# Sub for Rice Bran Oil



## nappint

Does anyone know of a good substitute for Rice Bran Oil? I only use a small amount in my recipe but it's hard to find around here and I don't really want to pay for the shipping from Columbus if I can just sub it for something similar and more readily available.

Thanks!


----------



## Lynn_Theesfeld

On the soap forum I was on a lady wanted to know a sub for Rice bran Oil and everyone said Olive oil, I would think it goes both ways  - have you tried a feed store to get it? you will end up paying more for it though.


----------



## nappint

Thanks Lynn - I haven't tried the feed store, didn't even think about that. I'll check the next time I'm there. 

I did go to the restaurant supply place yesterday in Ft. Worth (someone here posted about it a few weeks back) and while I was astonished at all the awesome food, fruits, veggies, meat, cheese and yummies they had I was a bit disappointed in their oil stock - mainly canola and fry oil (soybean). I was really hoping to get some rice bran and palm  So now I think I'm going to have to tweak my recipe. Olive is easy to get and I'm sure a little more olive won't hurt a thing


----------



## Kalne

Olive....I purchased pomace olive at the KC store and it was cheaper than I was paying for Rice Bran or any other liquid oil. And the coconut oil I got from them came from.....Columbus! I'm going to see if they will order the palm for me and at what price.


----------



## nappint

That's funny about the Coconut oil . I love the oils I get from Columbus not to mention it's convenient and they ship fast but I usually end up paying an extra .45 per pound for shipping :sigh 

I have a question on the pomace oil - I've read that some soapers say that the pomace causes faster trace and is not as easy to work with as the Grade A. Have you had that problem? Also, does it discolor your soap in higher amounts? Thanks!


----------



## hsmomof4

Ok, Kathy, you came down here and you didn't visit. What's up with that?

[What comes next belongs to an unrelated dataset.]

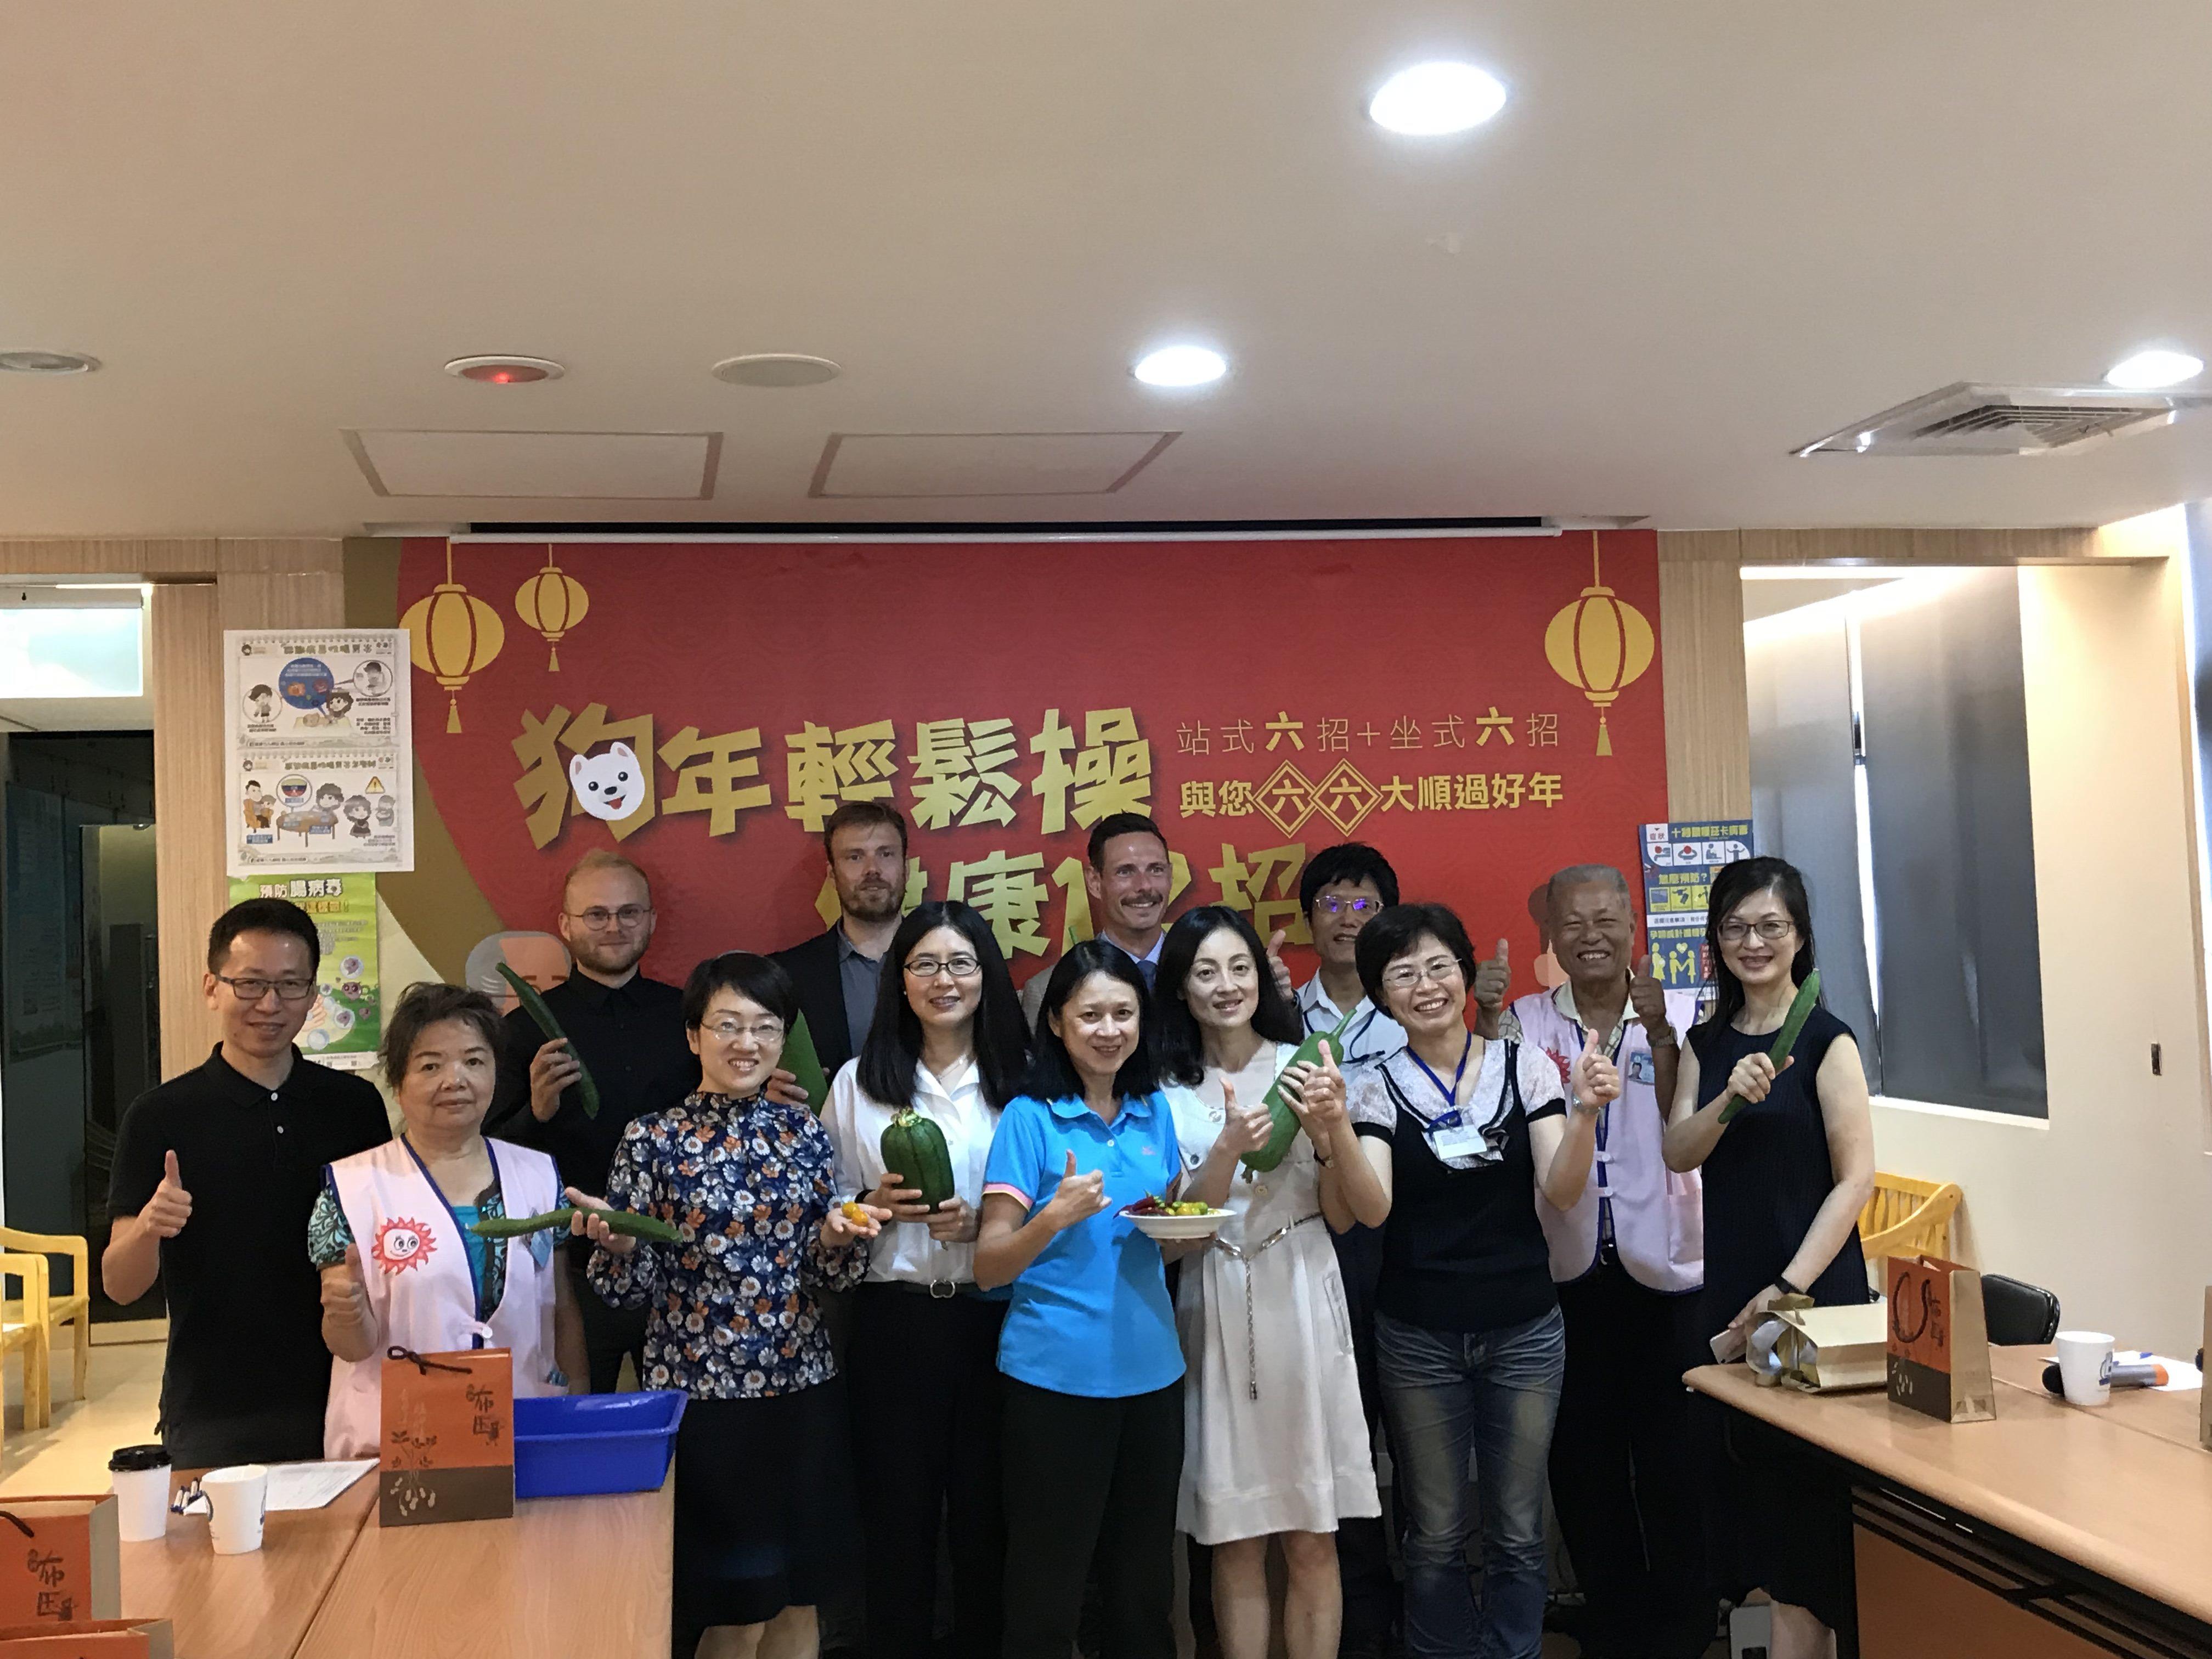 1070612丹麥商務辦事處偕同丹麥外交部駐北京大使館的健康與生命科學團隊

But if they will order the palm for you from Columbus, let me know, because I'd get some, too.


----------



## NubianSoaps.com

Ask yourself what is the rice bran oil adding to my soap recipe. Make sure when paying higher prices for anything, that gets saped by lye, that the actual benefits exsist, that it isn't just because it's a recipe. Not alot of difference in soap between oils. And it's not as if rice bran oil is label appeal. Vicki


----------



## Kalne

Oh Stacey, I'm sorry.....we just went on a whim. It was a rainy day and dh was off. I had asked him to pick up lye for me in Omaha and he said why don't we just go to KC? So we did! The savings on the lye was enough to pay for the gas. That store is fabulous though. But I got someone else's coconut oil. I didn't know you had to order it and it was on the shelf so I took the two pails that were out. The person who ordered it came in to pick it up while I was there and dh said she kept eyeing my cart. I had no idea until the manager talked with me and told me I should order two weeks in advance next time. She didn't ask for it and it wasn't until we left that I put two and two together. Oh well.

When I started making soap I used RBO because it was available at half the current price. It was a good oil at a good price. It's not that way anymore and I have dropped it.

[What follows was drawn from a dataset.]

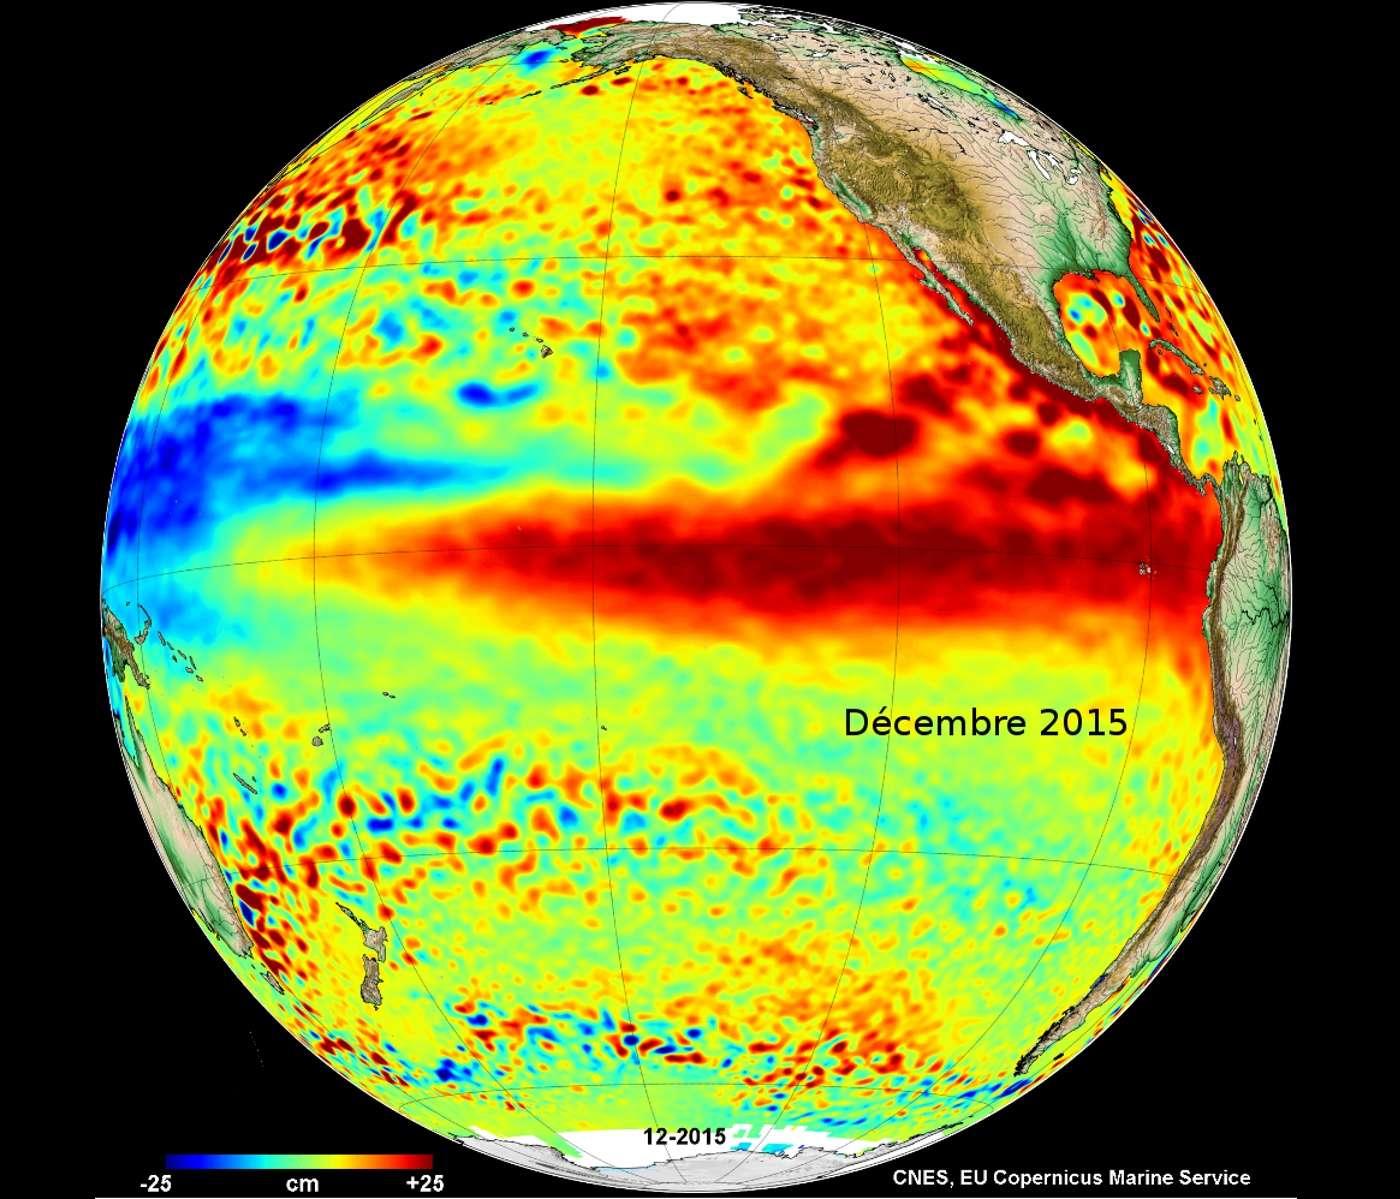 Le portail de référence de l'altimétrie Aviso+ a publié sa dernière carte mensuelle des anomalies de hauteur des mers. La longue langue rouge centrée sur l'équateur d'El Niño saute aux yeux. Surnommé « l'enfant terrible du Pacifique », celui-ci induit une élévation du niveau des mers d'environ 20 cm mesurée par des satellites comme Jason-2, situé sur une orbite à 1.336 km d'altitude. © Cnes, EU Copernicus Marine Service

I don't notice much of a difference in color though I think too much RBO makes the soap darker more so than olive. My recipe already traces pretty quick and I often don't even use a SB. But I've just started dropping my other liquid oils in some of my batches to get a feel for using all olive and I think it's going to work out fine. With the savings....I'll find a way to make it work. LOL


----------



## hsmomof4

Hmmm on the coconut. I got some a week or two ago and didn't order in advance. Just grabbed a pail and no one said a word. Oh, except for the guy who worked there who helped me find it when I walked past it and didn't see it!


----------



## Kalne

Well....maybe enough people are buying it now for them to keep it in stock. That's good to know!


----------



## hsmomof4

Maybe. But I saw it in pails on the shelf when I was there before, months ago.


----------



## Kalne

Well that's just odd. I wonder why she said that to me. There were only two pails when I went and I took both. Perhaps the other customer called for it and that's all they had at the time....but if they promised it to her they surely should have taken it off the shelf. Weird.


----------



## Faye Farms

If it's the place I think it is that you are talking about in KC, when I called there a while back about coconut oil they said it was something they had a little bit of because of some recent interest but not something they normally keep in stock. The person I talked to did say that if there was enough interest that they would start to carry it regularly. She said if i was going to come and get some to call ahead first though.


----------